I pendolari del Mugello, che tutti i giorni salgono sul treno della Faentina (quando il treno c'è), non comprendono che tutti questi disagi del trasporto aiutano a potenziare lo smart working. Il ragionamento della Regione e delle Ferrovie è chiaro: se rendo la vita impossibile ai lavoratori e agli studenti pendolari, questi, una volta per tutte, si convinceranno a lavorare, o a studiare, da casa.
Qui da noi, evidentemente, c'è gente che è rimasta ancorata alle epoche (ormai remote) in cui per guadagnare la pagnotta (così dicevano gli antichi), salivi tutte le mattine sul treno, che ti trasportava nella città dove si trovava il tuo posto di lavoro. Questi pendolari si devono convincere, una volta per tutte, che è il lavoro da casa il nostro futuro occupazionale. Quindi, a che serve avere un treno che passa ogni due ore nella stazione del tuo paese. I pendolari, riluttanti alla modernità, ci vengono a dire: “parlate bene voi di smart working, ma se le nostre aziende non lo adottano, cosa facciamo noi?! Ci licenziamo?!”.
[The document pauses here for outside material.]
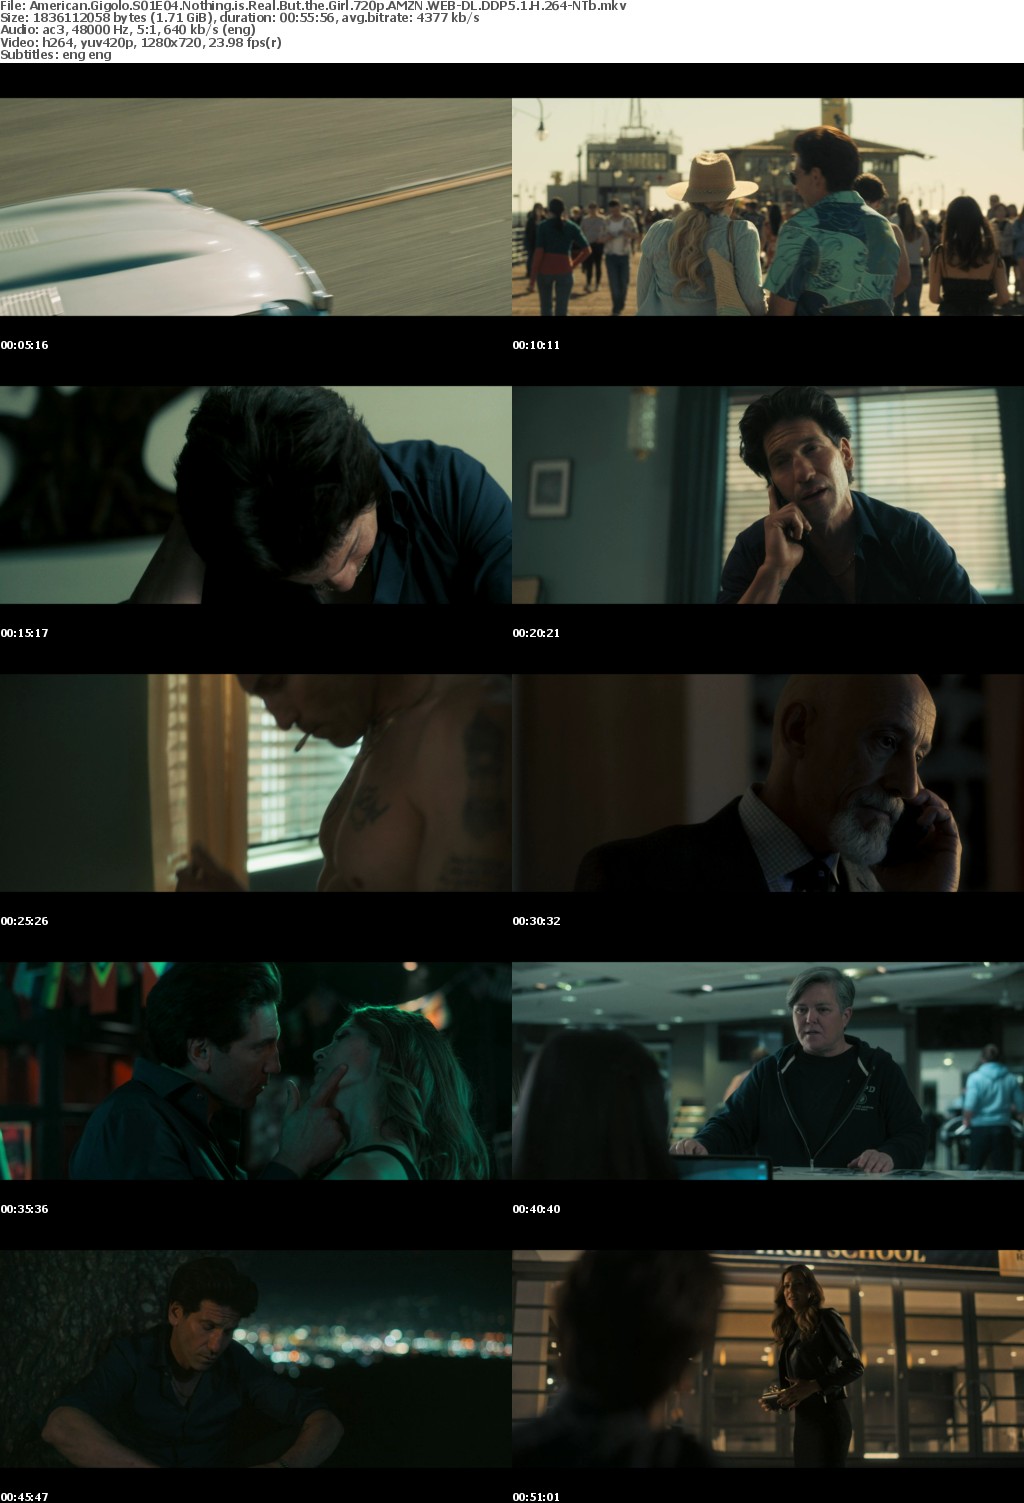 American Gigolo S01E04 Nothing is Real But the Girl 720p AMZN WEBRip DDP5 1 x264-NTb

Ecco, questa sarebbe un'idea, molto innovativa. Il licenziamento come sublimazione del lavoratore moderno che, invece di frignare che arriva in ritardo al lavoro, per colpa dei treni (come se i treni fossero dei bulletti che fanno del male ai pendolari, rendendo loro la vita difficile), rinunciano al lavoro. Quante cose puoi fare se sei disoccupato: puoi leggerti un buon libro, puoi andare in palestra, ha più tempo per badare alla tua condizione fisica, puoi andare a trovare parenti che sono anni che non vedi.
Insomma, nella vita bisogna essere “woke”, bisogna stare “woke”, bisogna pensare “woke”. Se poi sono i treni a non essere “woke”, pazienza; se è l'assessorato regionale ai trasporti a non essere “woke”, peggio per loro. Noi siamo “woke”!!!